Se tivéssemos de dividir a análise deste livro em duas partes, seria aqui que o faríamos. Seguindo essa lógica, diríamos que a primeira parte foi dedicada a aspetos centrais da segurança do doente. Tratou-se de uma componente mais enquadradora e conceitual onde os principais conceitos foram definidos e relacionados. Se o livro ficasse por aqui, já teria valido a pena!
A "segunda parte" permite enquadrar outros aspetos conexos, mas igualmente importantes, da segurança do doente, quais sejam: as questões da liderança e da cultura organizacional; o treino e gestão de equipes; as questões do direito e a segurança do doente; e o envolvimento do doente e seus familiares. Para terminar, dois capítulos de índole mais operacional/prático. Um primeiro que descreve e discute os aspetos práticos de como organizar um sistema de gestão do risco e segurança numa organização de saúde - hospital (relevante não só para profissionais de saúde, em geral, mas também para gestores/administradores da área da saúde).

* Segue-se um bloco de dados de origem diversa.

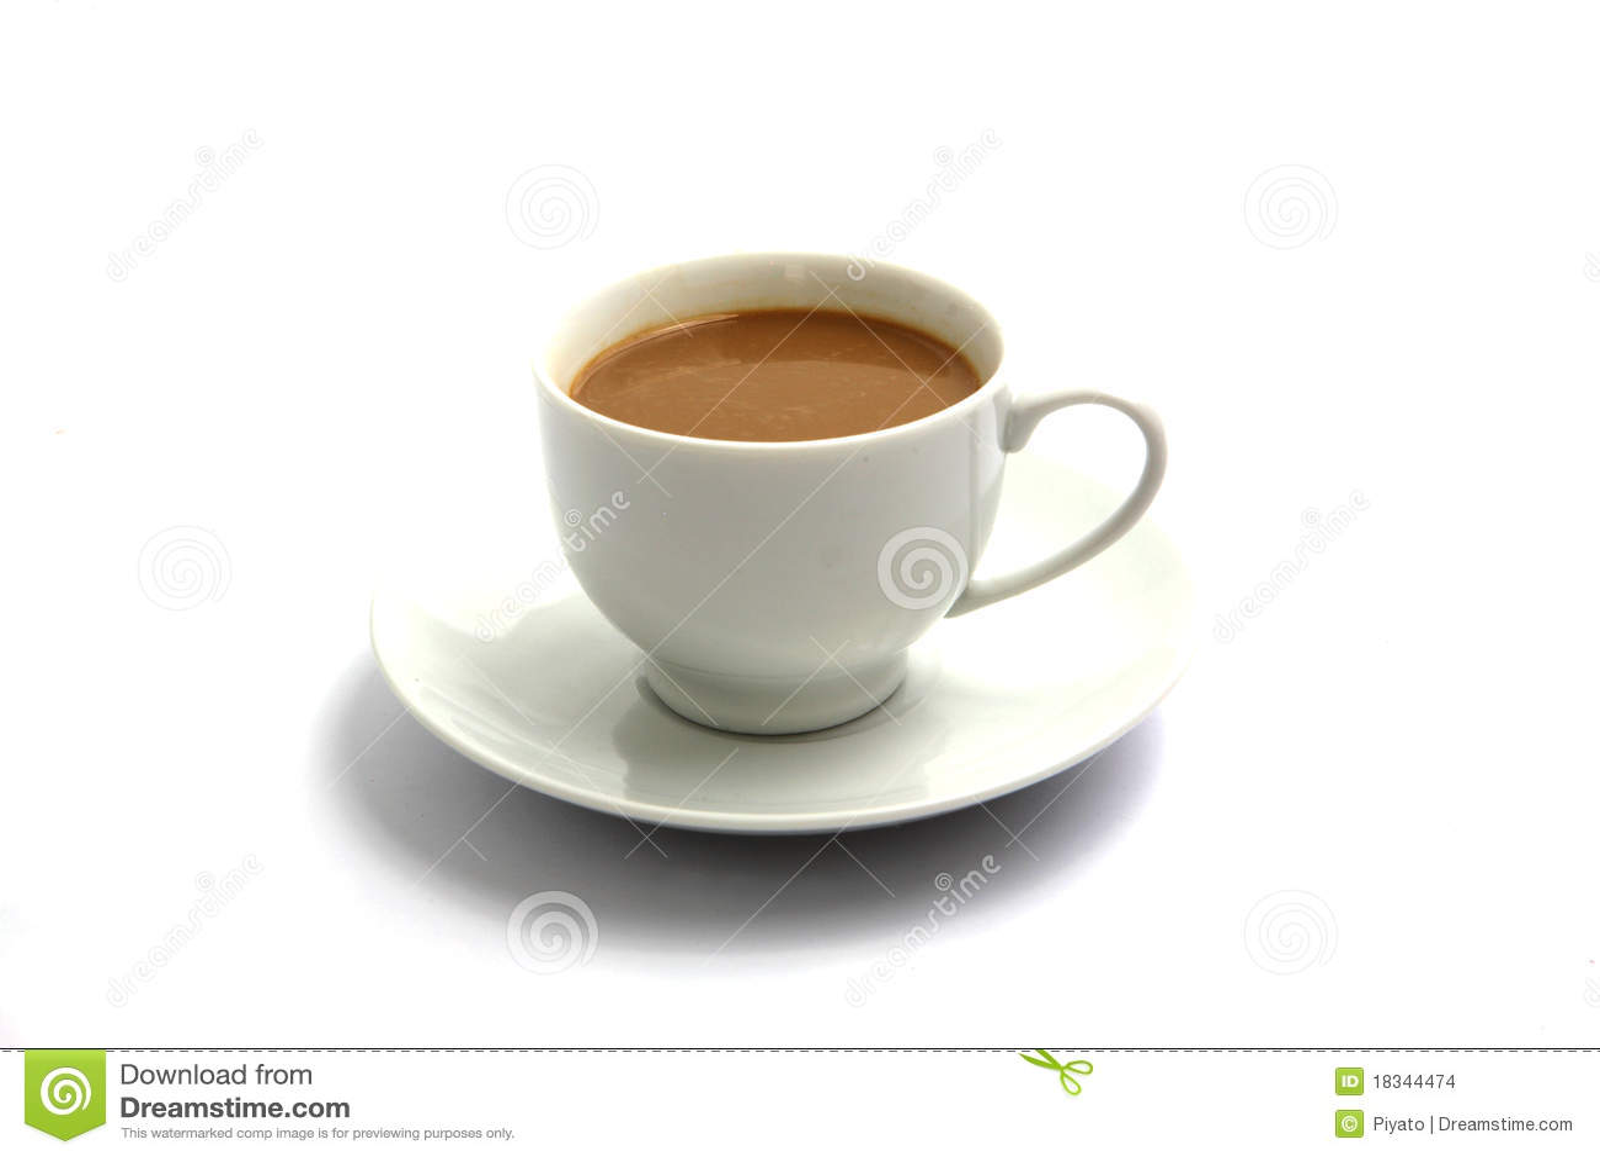 hot coffee white background -#main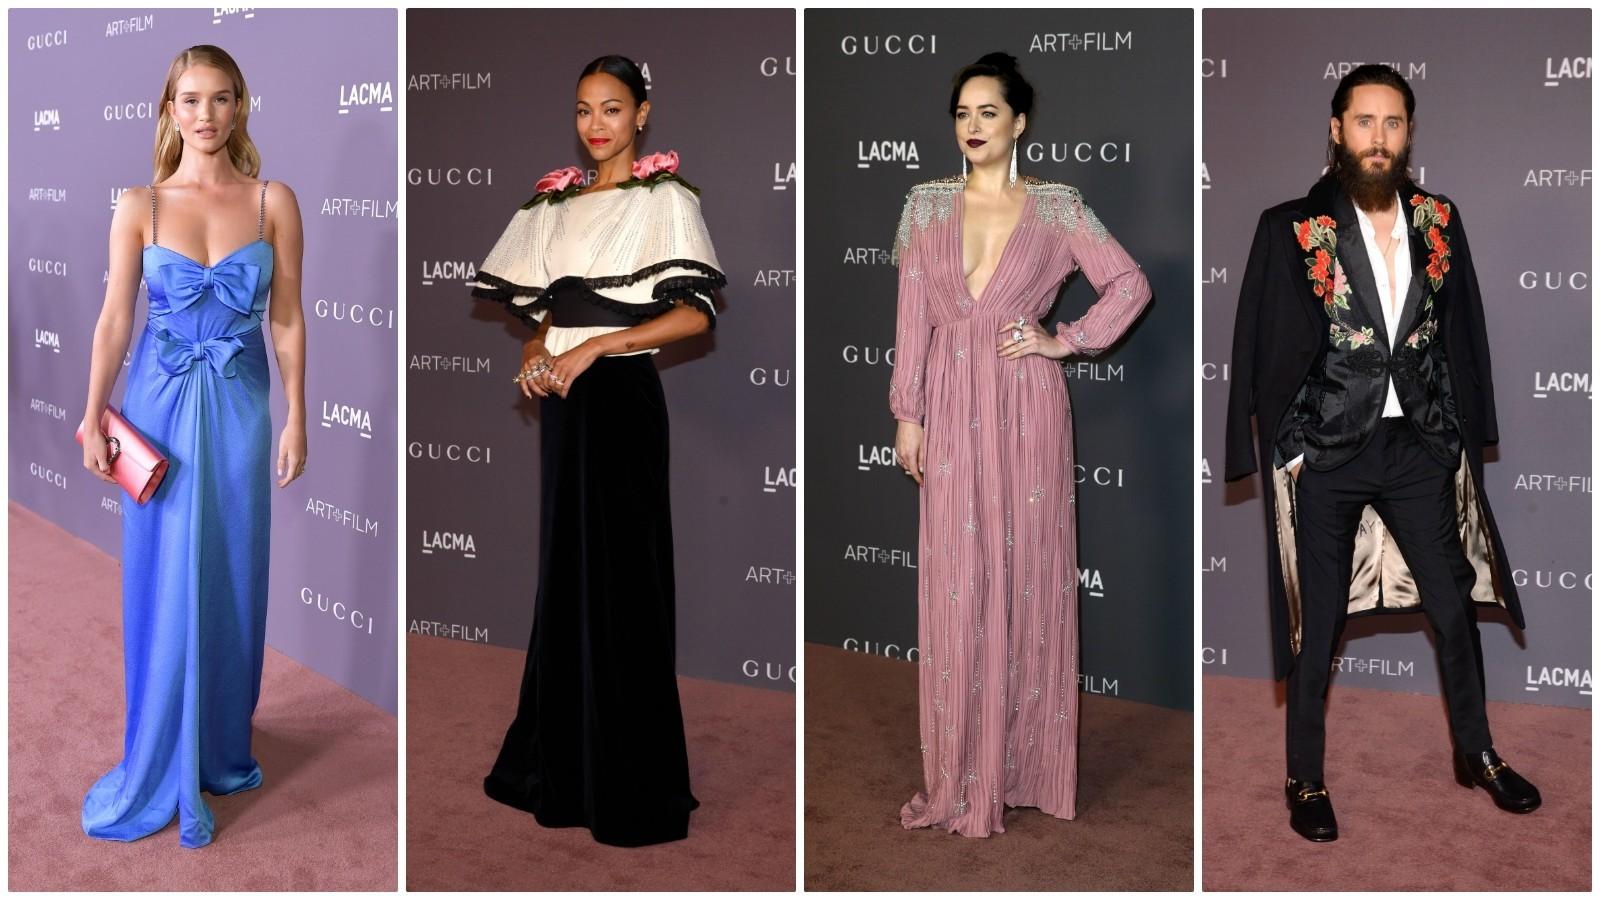 Gucci at the 2017 LACMA Art + Film Gala

Para finalizar o livro, um capítulo que aborda a importância em se conhecer a dimensão, tipologia e natureza dos eventos adversos em hospitais, recorrendo à metodologia de análise dos processos/prontuários clínicos (com apresentação sucinta dos resultados do estudo piloto realizado em hospitais portugueses).Esta "resenha" não ficaria completa sem "ouvirmos" o autor sobre, o que terá levado um cirurgião cardíaco a escrever um livro sobre a segurança dos doentes?
"Bem, este livro é, na verdade, o terceiro de uma sequência, o "Erro em Medicina" (2004) e o "Risco Complexidade e Performance" (2006), que estiveram na preparação do presente texto e traduzem uma permanente preocupação com os temas do erro, da avaliação da performance e da segurança dos doentes.
Na verdade, a cirurgia cardíaca foi sempre pioneira nas questões de avaliação do desempenho e de segurança na prática clínica, talvez porque se trata de uma especialidade entre as mais exigentes, ainda hoje associada a um nível considerável de risco. Para o desempenho na cirurgia cardíaca convergem competências individuais, fatores de equipe, o perfil da organização, a natureza incerta das tarefas e também o acaso. Estas são as mesmas condicionantes da insegurança da Medicina!
A vivência de uma longa carreira como cirurgião cardíaco terá despertado o interesse pelo tema e terá levado a que escrevesse esta obra, onde é abordado de forma muito prática e diretamente vivida, o tema da "Segurança dos Doentes".